Ablauf einer Feuerbestattung
Eine Feuerbestattung beginnt üblicherweise mit einer Trauerfeier, die entweder vor der Kremation am geschlossenen Sarg oder nach der Einäscherung mit der Ascheurne stattfindet. Diese Zeremonie kann in einer Kapelle auf dem Friedhof, in einer Kirche oder an einem frei gewählten Ort abgehalten werden. Durch Musik, persönliche Redebeiträge sowie symbolische Rituale wie das Anzünden von Kerzen oder das Ablegen von Blumen erhält die Feier eine individuelle und emotionale Atmosphäre.
In Deutschland ist gesetzlich vorgeschrieben, dass die Einäscherung in einem Sarg erfolgt. Das bedeutet, dass der oder die Verstorbene – auch wenn eine spätere Urnenfeier geplant ist – zunächst in einem Sarg eingebettet wird. Die Kremation selbst findet unter strenger staatlicher Aufsicht und nach genauen hygienischen sowie technischen Normen statt, sodass ein würdevoller Umgang mit dem Verstorbenen jederzeit gewährleistet ist.

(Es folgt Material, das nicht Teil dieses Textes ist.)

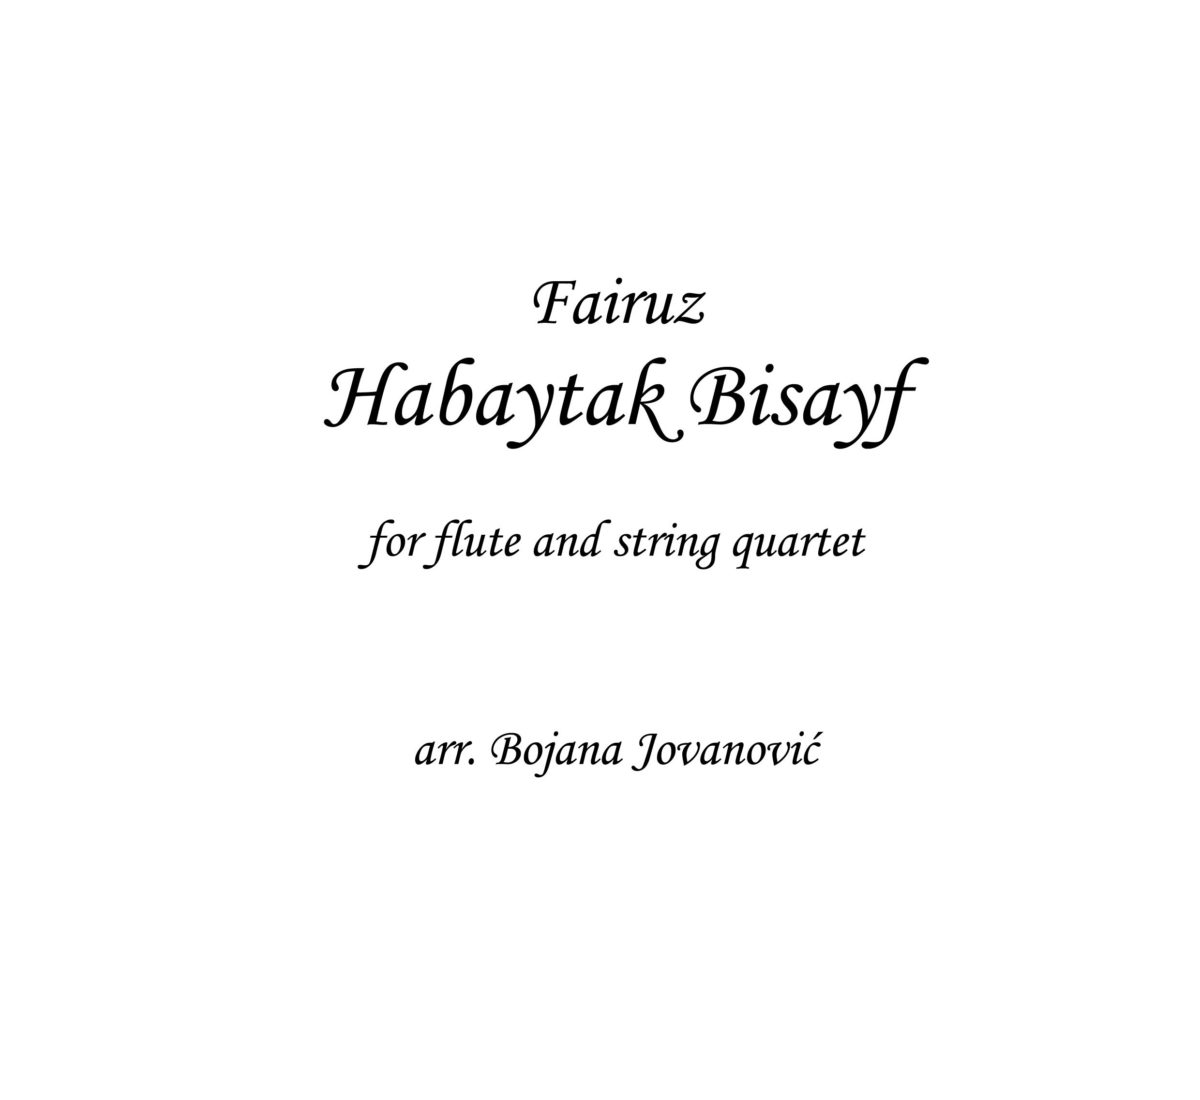 Habaytak Bisayf (Fairuz) - Sheet Music

Nach der Einäscherung wird die Asche in einer Urne aufbewahrt. Diese wird zu einem späteren Zeitpunkt beigesetzt – entweder auf einem Friedhof, in einem Kolumbarium oder, je nach Bundesland, auch in einem naturbelassenen Areal wie einem Friedwald. Auch zur Urnenbeisetzung kann eine Abschiednahme organisiert werden, bei der Hinterbliebene mit Gedichten, Gebeten oder persönlichen Worten dem Verstorbenen gedenken.